In Sunday’s reading from 1 John 4:1-6 we are cautioned not to believe every spirit. So what can we believe?
“Test the spirits to see if they are from God.” (1 John 4:1)
Lesson One: not every spirit is of God.
Easy enough. Just because it looks good or feels good, doesn’t mean it is good and holy.
Jesus acknowledged as much, saying, “Not everyone who says to me, ‘Lord, Lord,’ will get into the kingdom of heaven. Only those who do the will of my Father who is in heaven will enter” (Matthew 7:21). And, “if someone says to you, ‘Look, here’s the Christ,” or ‘He’s over here,’ don’t believe it. False christs and false prophets will appear, and they will offer great signs and wonders in order to deceive, if possible, even those who God has chosen” (Matthew 24:23-24).
So, we need to test the spirits (images, ideas, claims, etc. about God). But how?
“This is how you know if a spirit comes from God: every spirit that confesses that Jesus Christ has come as a human is from God.” (1 John 4:2)
Lesson Two: Spirit of truth acknowledges that Jesus came in flesh and blood
Bodies – flesh and blood – matter. Jesus’ body. Your body. My body. Your neighbor’s body. Women’s bodies. Men’s bodies. Migrants’ bodies. Dark-skinned bodies. Fair-skinned bodies. Soldiers’ bodies. Young bodies. Old bodies. Bodies of all kinds. Bodies matter to God, and to us. The Spirit of Truth acknowledges the blessedness and holiness of bodies.
But in the early days of the church there were those who claimed that Jesus was a spirit only, not a real flesh-and-blood person. The early Christians held firm to the belief that Jesus came in the flesh and blood. Why does this matter?
Pinch yourself. Drink a glass of cold water on a warm day. Breathe deeply. Look in a mirror. The body is beautiful. It matters. It matters so much to God that God chose to send the Savior into the world as one of us. In real flesh and blood. To experience what we experience, even to the point of suffering and death. God did this to show us a way of life that reaches beyond what we see and know into the boundless grace of the Kingdom of God.
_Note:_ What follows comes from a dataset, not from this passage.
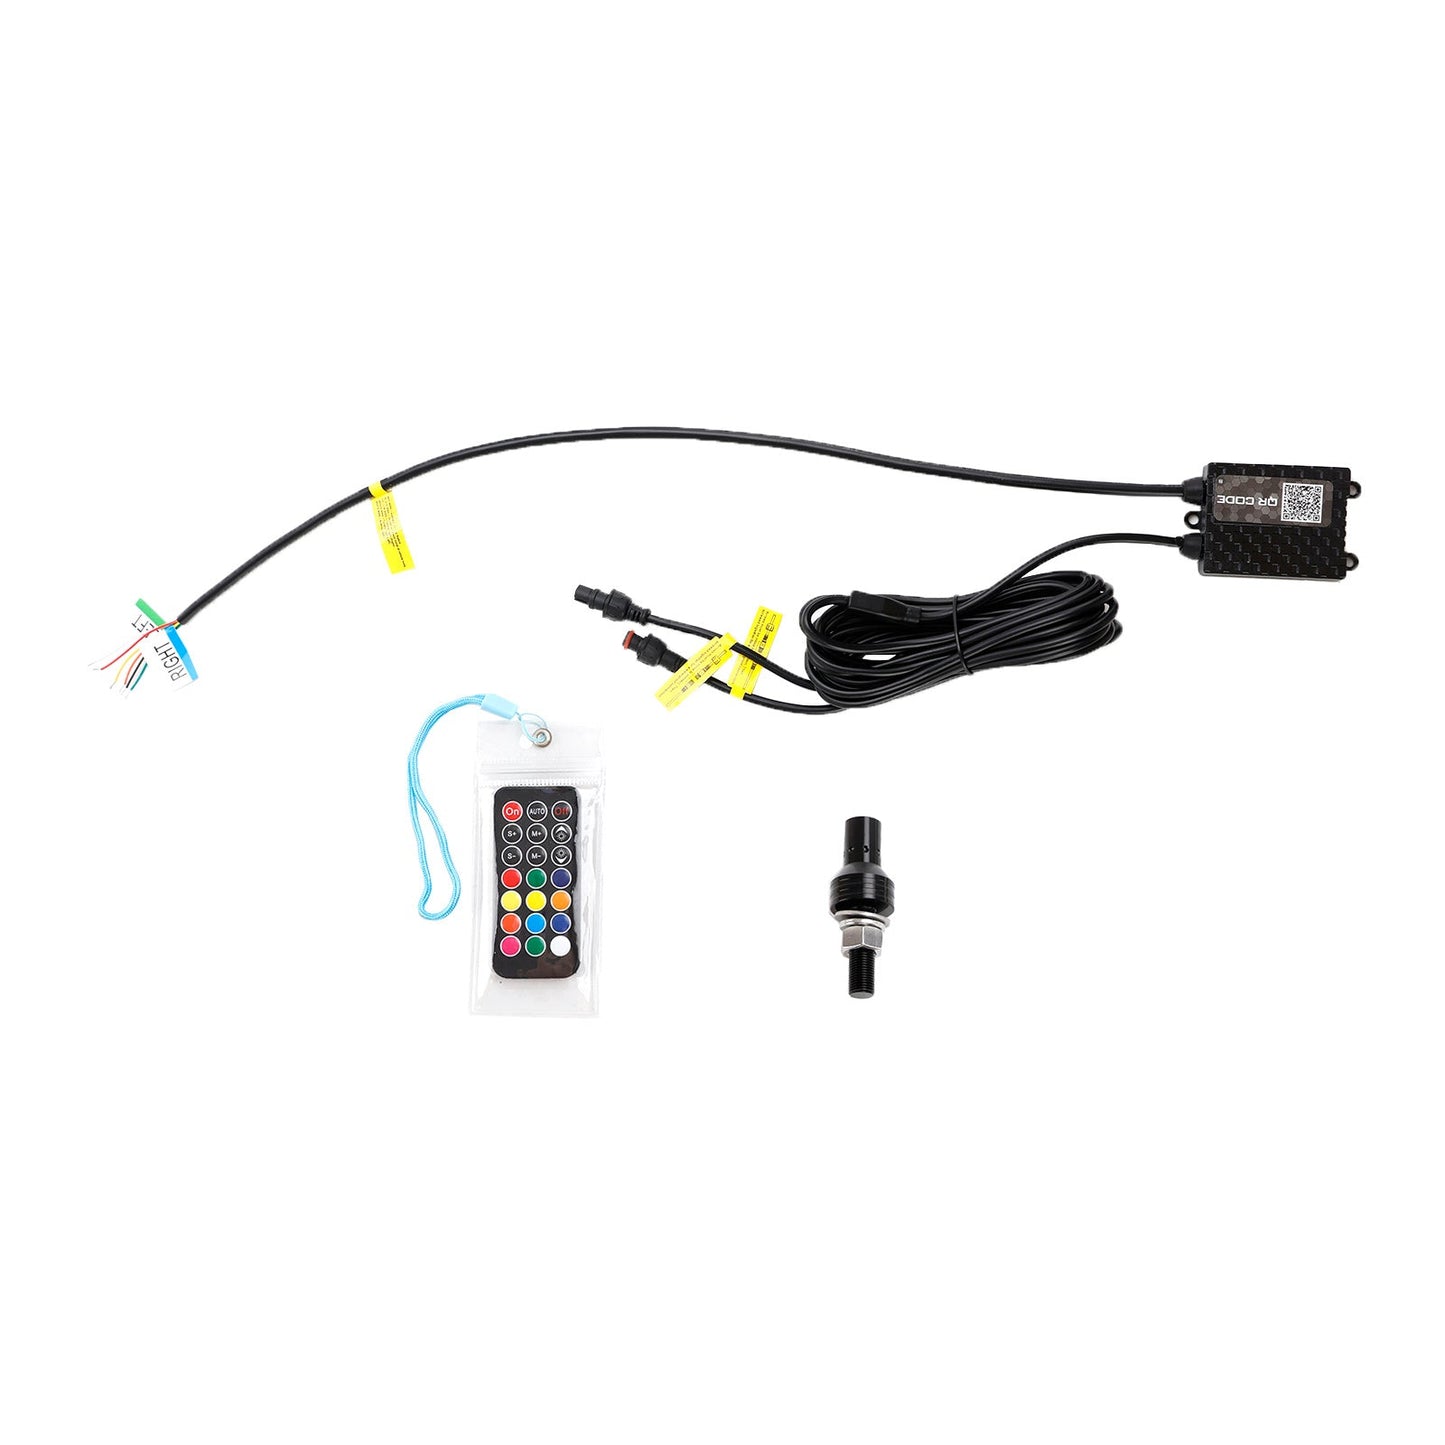 3ft RGB LED APP Whip Lights Antenna W/ Flag Remote Control For Polaris UTV ATV
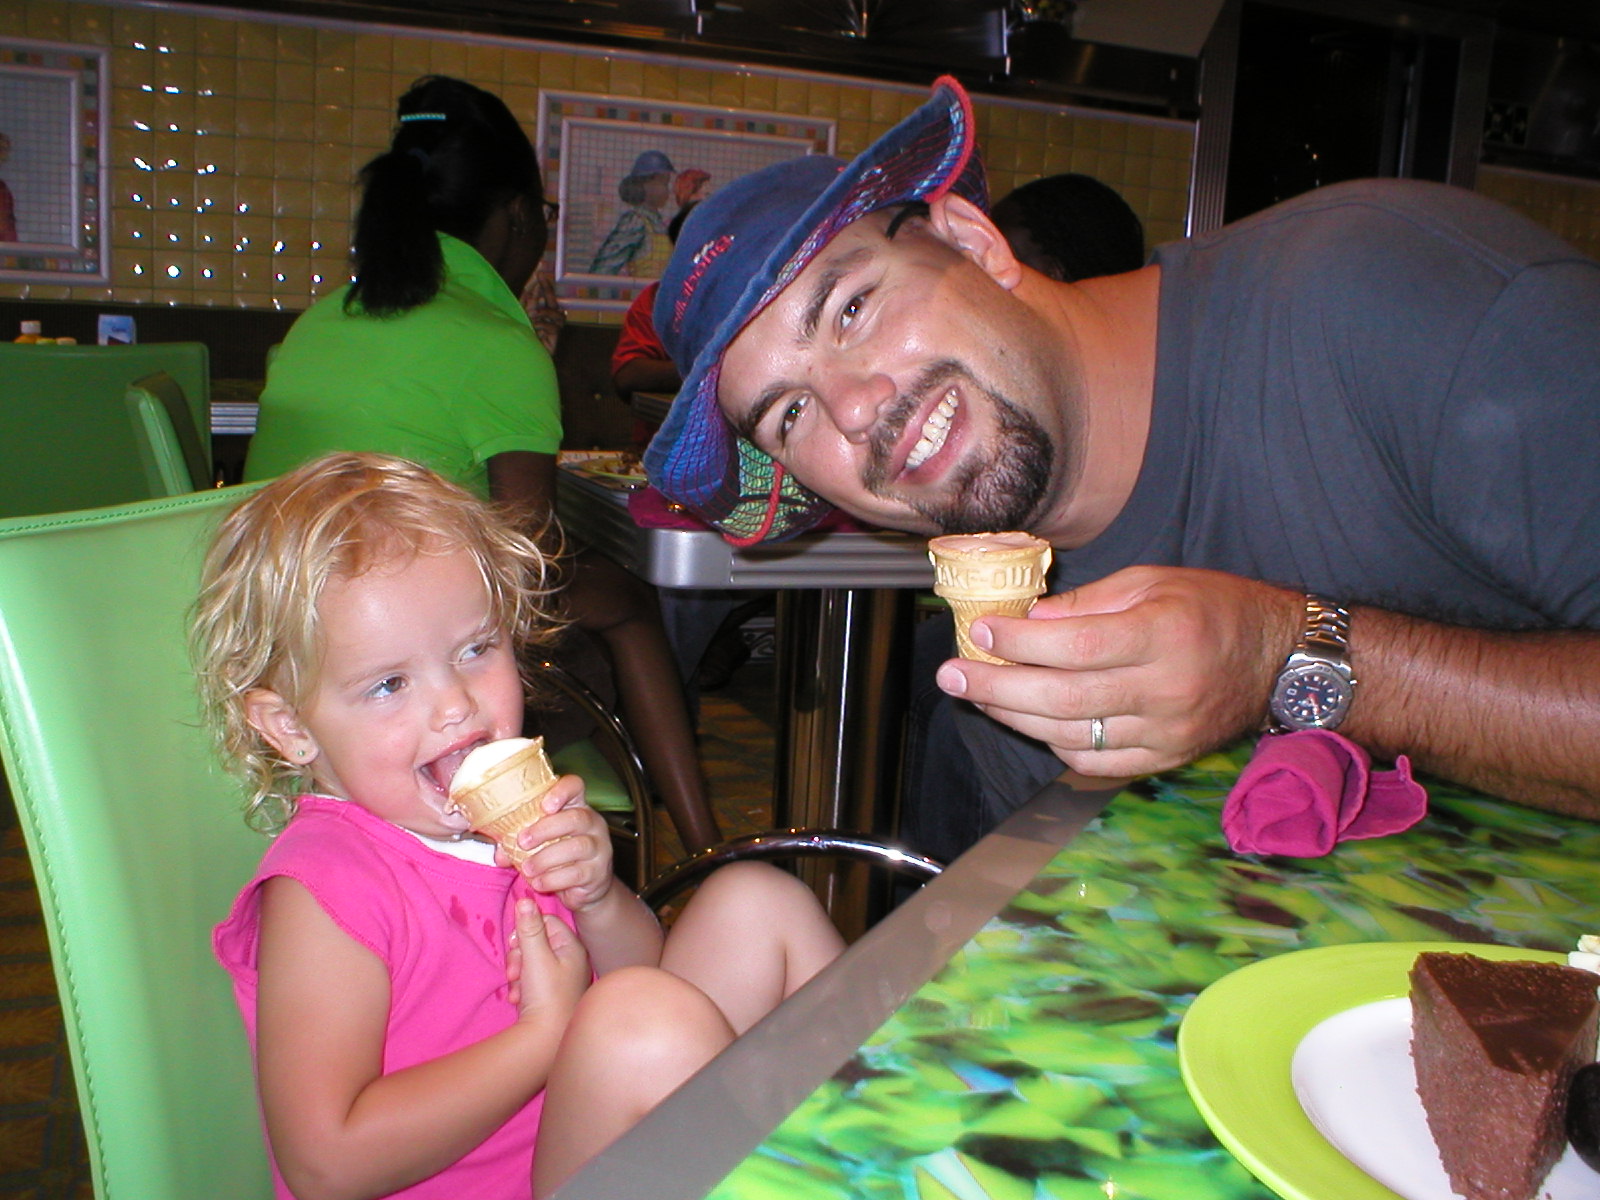 Kaylin & Ryan Enjoying some ice cream.

Yet this promised Kingdom is not matter-less, but instead is deeply tangible and created and material. Jesus rose from the dead and ascended into heaven with flesh and blood (John 20:24-31). The Christian church looks forward to a promised future that is a new heaven and a new earth joined together (Revelation 21), not a disembodied spiritual realm. We look “for the resurrection of the dead, and the life of the world to come” (The Nicene Creed).
And, in our world today, we too often act as if certain bodies are more important than others, based on gender, wealth, status, size, ability, age, and so forth. Such prioritization of some bodies over others is a heresy and a denial of Christ, who comes to us in the flesh.
“Every spirit that doesn’t confess Jesus is not from God. This is the spirit of the antichrist, which you have heard is coming and is now already in the world.” (1 John 4:3)
Lesson Three: Watch out for that which denies Christ
To deny Christ is to deny the value of the body, of the flesh, of the world that God so loves (John 3:16).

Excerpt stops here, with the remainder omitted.